DOCUMENT 1 : Du GATT à l’OMC :

Le GATT (General Agreement on Tarifs and Trade), signé en 1947 par 23 Etats, est devenu peu à peu une organisation internationale regroupant actuellement plus de 150 pays membres : l’OMC (Organisation Mondiale du Commerce). Le GATT s’est basé sur 2 principes fondamentaux :

Le principe de non discrimination : Tout avantage accordé à l’un des membres du GATT doit être étendu à tous : Tout avantage accordé à l’un des membres du GATT doit être étendu à tous les autres.

Le principe de réciprocité : Un pays s’engage à abaisser ses barrières douanières à condition que ses partenaires prennent : Un pays s’engage à abaisser ses barrières douanières à condition que ses partenaires prennent des mesures équivalentes. Les réunions du GATT, connues sous le nom de rounds, se sont multipliées et aboutirent le 15/04/1995, à Marrakech, à la création de l’organisation mondiale du commerce qui remplace le GATT. Le Maroc, faisant partie des signataires, est appelé, désormais, à relever un grand défi en améliorant sa compétitivité. La première fonction de l’OMC est d’assurer la mise en œuvre des résultats des négociations du GATT. Il ne s’agit plus seulement de grands principes mais d’un calendrier exact de désarmement tarifaire et non tarifaire qui doit être respecté sous peine de sanctions.

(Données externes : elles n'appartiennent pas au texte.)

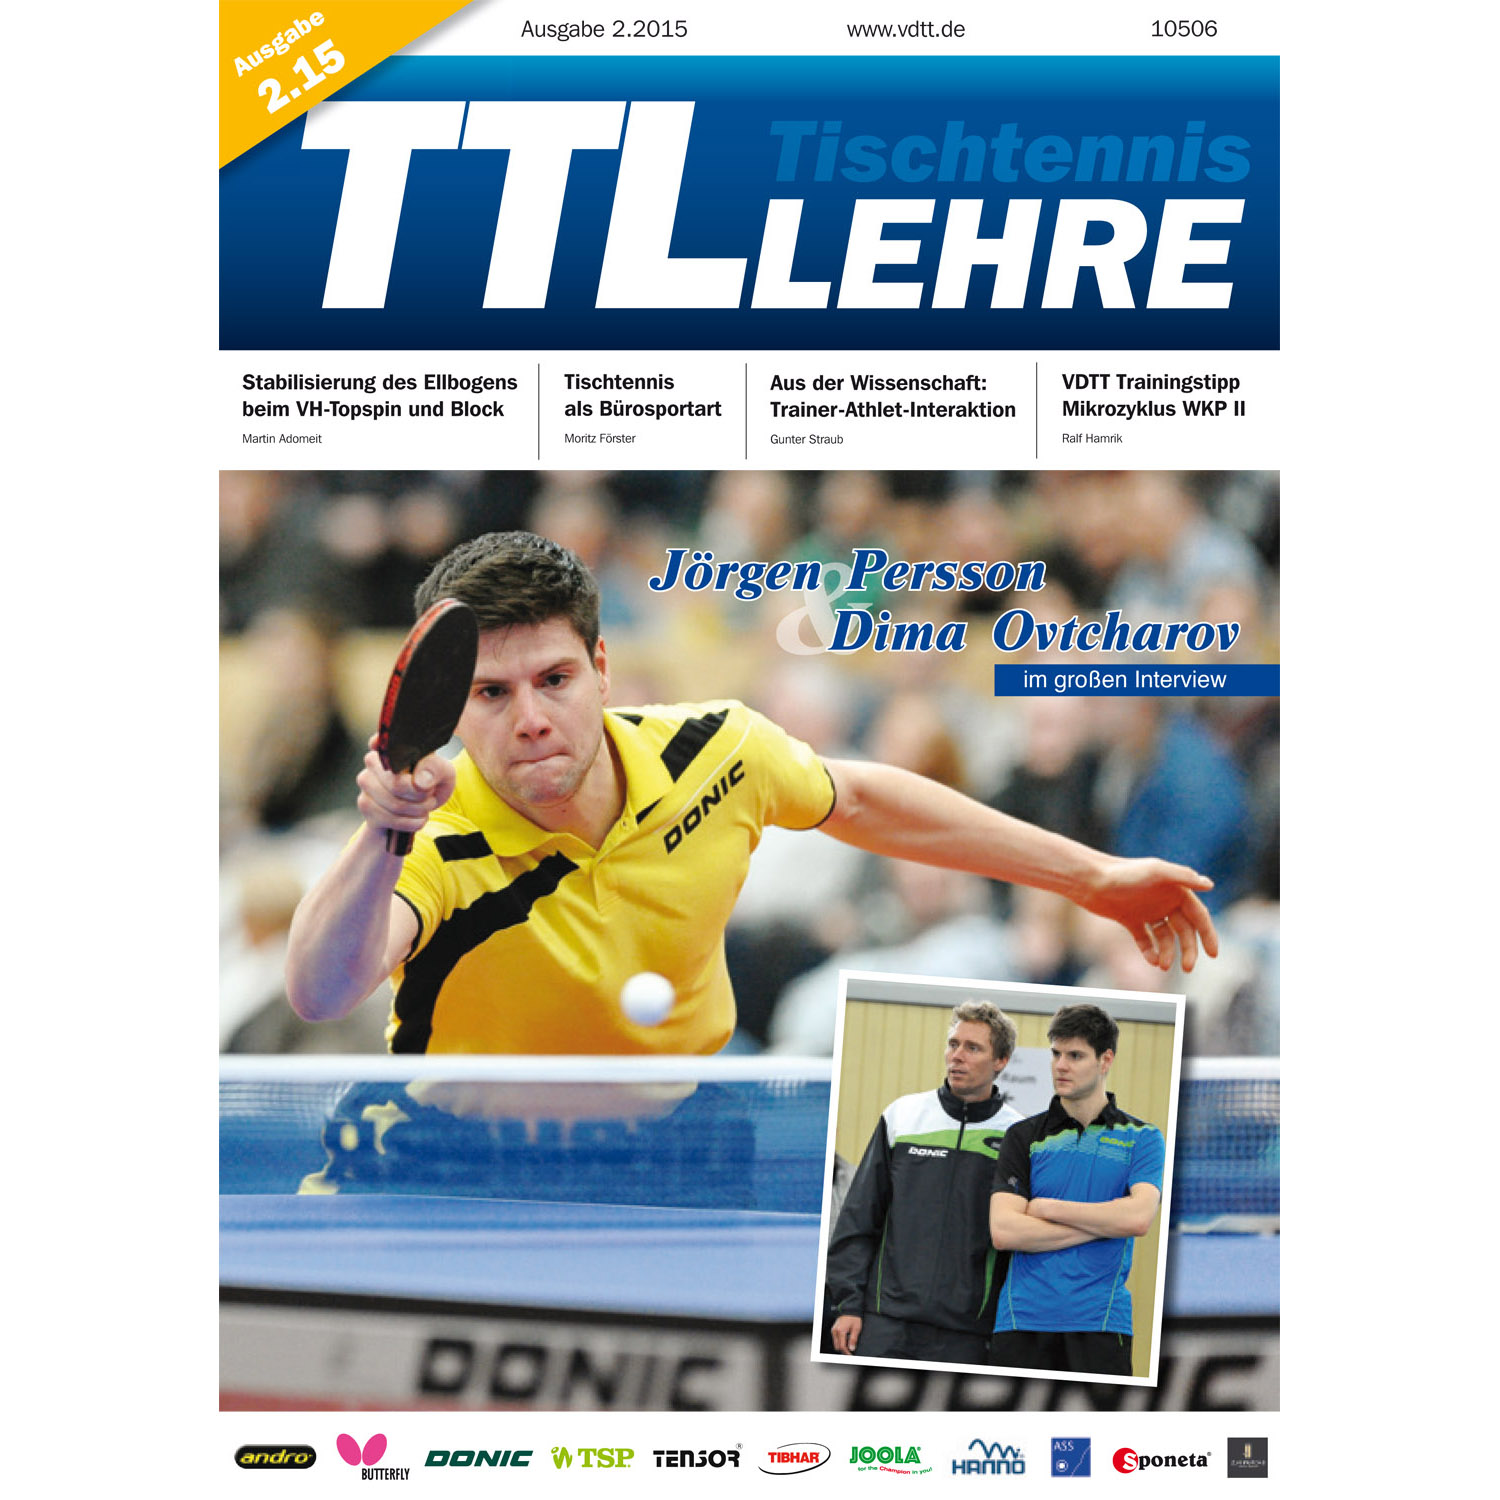 VDTT-Zeitschrift Tischtennislehre - Ausgabe: 2015-02

En outre cette organisation va permettre la tenue de négociations de manière permanente entre les membres autour des questions sources de différends : tels le travail des enfants, les normes sociales etc.

La troisième fonction est de régler les litiges consécutifs à des plaintes qui sont déposées en cas de violation d’une ou plusieurs dispositions convenue dans le cadre de l’OMC. TAF :

1. En quoi l’OMC diffère-t-elle du GATT ?

2. Quelles sont les principales fonctions de l’OMC ?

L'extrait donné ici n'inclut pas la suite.